- Directed by: Salvatore Samperi
- Written by: Giorgio Basile Gianfranco Manfredi Salvatore Samperi
- Starring: Massimo Anzellotti; Enzo Cannavale; Christian De Sica; Simona Mariani; Eros Pagni; Stefano Ruzzante; Tino Schirinzi; Jenny Tamburi; Teo Teocoli; Barbara Bouchet;
- Cinematography: Pasqualino De Santis
- Music by: Gianfranco Manfredi Ricky Gianco
- Distributed by: Titanus
- Release date: 1979;
- Running time: 103 minutes
- Country: Italy
- Language: Italian

= Liquirizia =

Liquirizia (Italian for "Liquorice") is a 1979 Italian teen comedy film written and directed by Salvatore Samperi and starring Massimo Anzellotti, Enzo Cannavale, Christian De Sica, Simona Mariani, Eros Pagni, Stefano Ruzzante, Jenny Tamburi, Teo Teocoli, Tino Schirinzi, and Barbara Bouchet.

The film has frequently been labeled as Italy's answer to American Graffiti.

==Plot ==
In 1959, in Padua, Fulvio and Carletto are two friends in their final year of school. Fulvio attends an accounting institute and comes from a working-class family. Despite his father's attempts to introduce him to socialism, Fulvio prefers to follow the latest trends—sports, cars, rock music, and women. Carletto, on the other hand, is enrolled in a classical high school, comes from a wealthy bourgeois family, and dreams of moving to Rome to become a theatrical director.
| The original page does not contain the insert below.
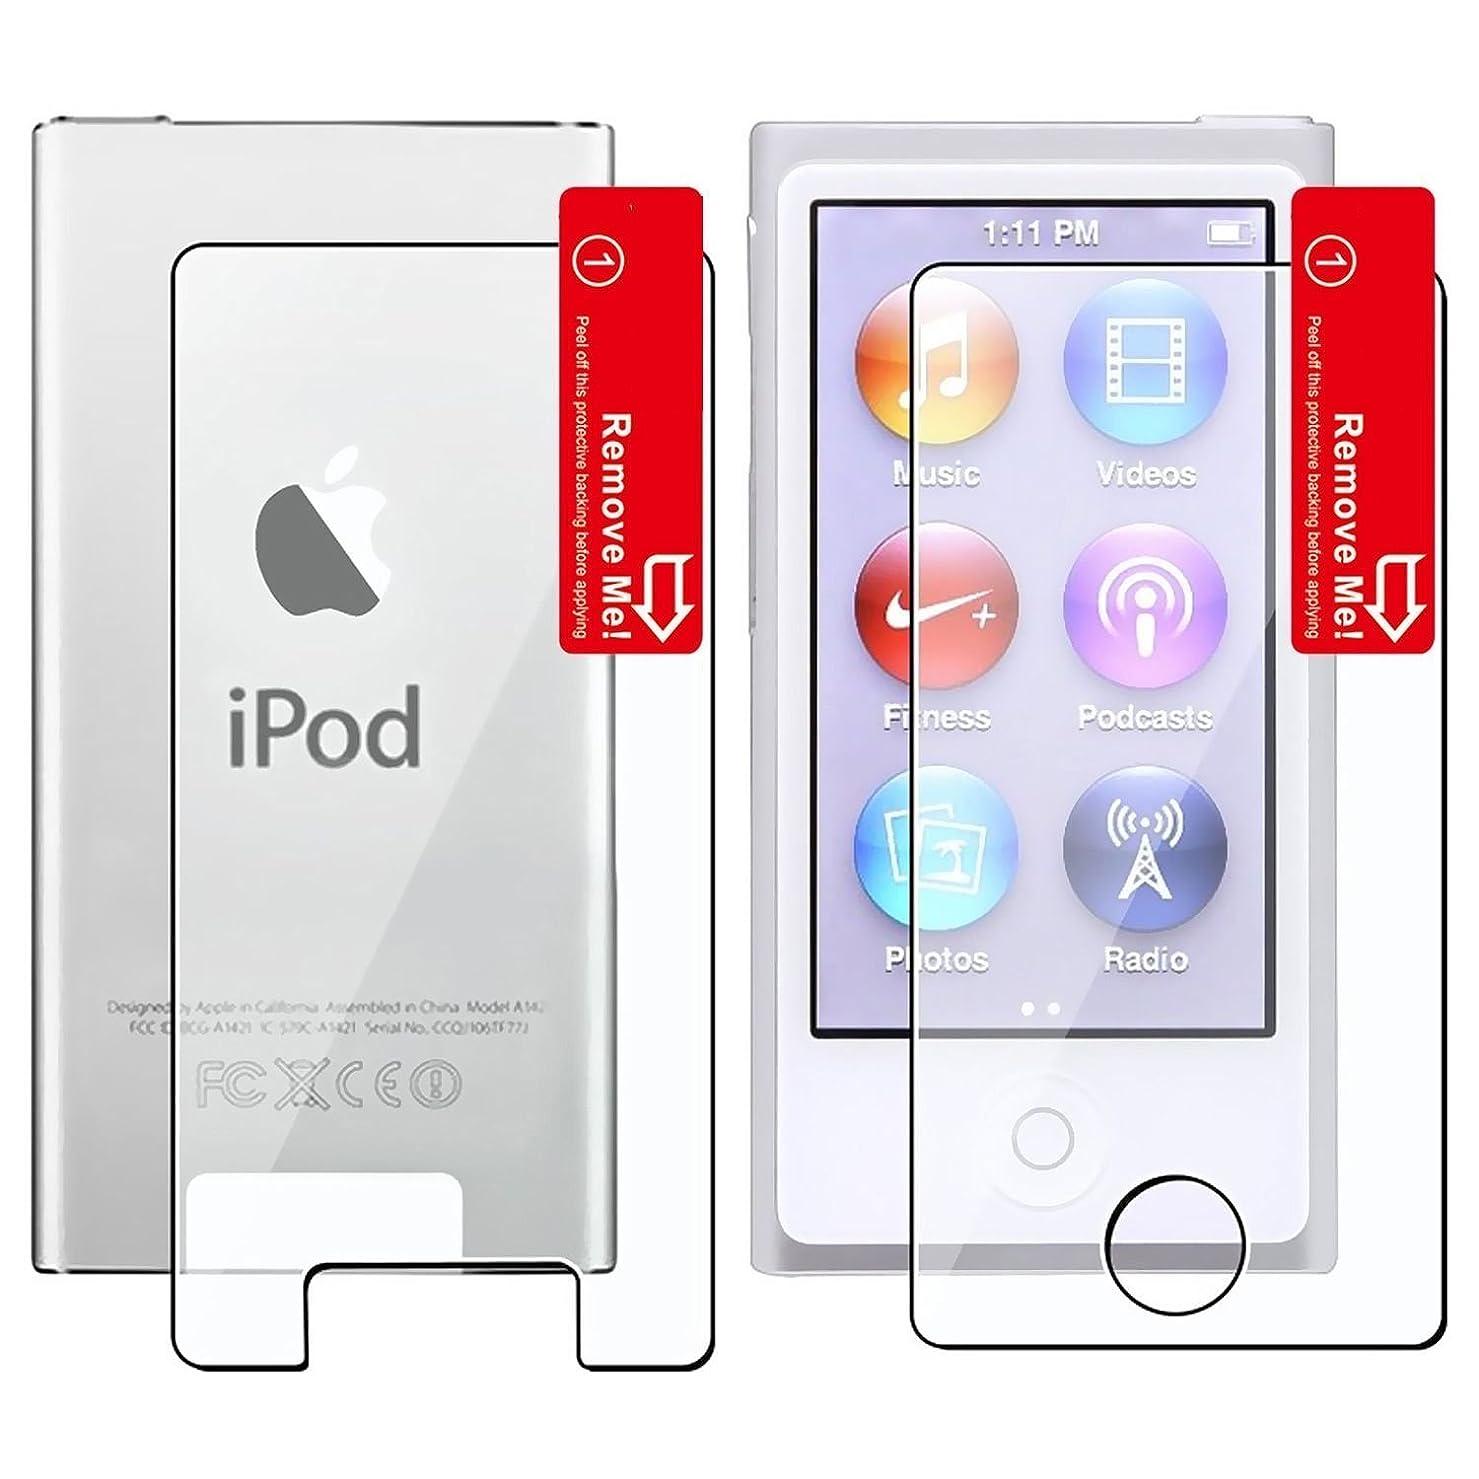 広いピケ賞iPod nano 第7世代 フィルム 両面 2枚セット 液晶 画面 背面 保護 Apple iPod Nano7 対応 自己吸着式 MY WAY SCREEN SHIELD 指紋防止 コーティング スクリーン シート クリア

The two decide to organize their end-of-year celebration together, bringing together high school students and accounting students. Their plan is to raise money from the event and have fun. Carletto is responsible for preparing and directing the show, while Fulvio travels to Milan to persuade singer Adriano Celentano to participate. Instead of meeting Celentano, Fulvio encounters a boastful rock singer named Flynt, whom he invites to perform at the show.

With some effort, Carletto convinces Mrs. Raffaella, the mother of a younger student, to lend them a family-owned theater free of charge for the show. The theater is managed by a Neapolitan caretaker who idolizes Eduardo De Filippo and keeps a close eye on the students. The high schoolers prepare various performances, from ballet and opera to Shakespeare, while the accounting students focus on rock songs and variety acts. Among the high school students are Gian Galeazzo Lo Cascio, a naïve wealthy heir engaged to Marina; Giulia, who has a crush on Carletto; the friendly and playful Baffi; and Bartolozzi, the redheaded daughter of a wealthy shoemaker, who is infatuated with Fulvio. The accounting students include the aggressive Maiale and Coen, who often clash with the others.

Raffaella develops feelings for Carletto and helps him believe in himself, encouraging him to keep the show on track. However, when the day of the performance arrives, everything goes wrong. The dance and acting acts are booed by the audience, Flynt proves to be a failure and is kicked out, and a group of former students, led by rock singer Tonazzi, known as "Be-Bop-A-Lula", storms onto the stage and takes control of the scene. The event ends in a violent brawl. Carletto realizes he has failed and asks Raffaella to go to Rome with him, but she politely declines.

After summer vacation, before leaving for the capital, Carletto visits Fulvio at Bartolozzi's shop, where Fulvio now works. There, he hints that he has given in to the girl's advances. Bartolozzi, smiling, looks at them, voraciously chewing a licorice stick.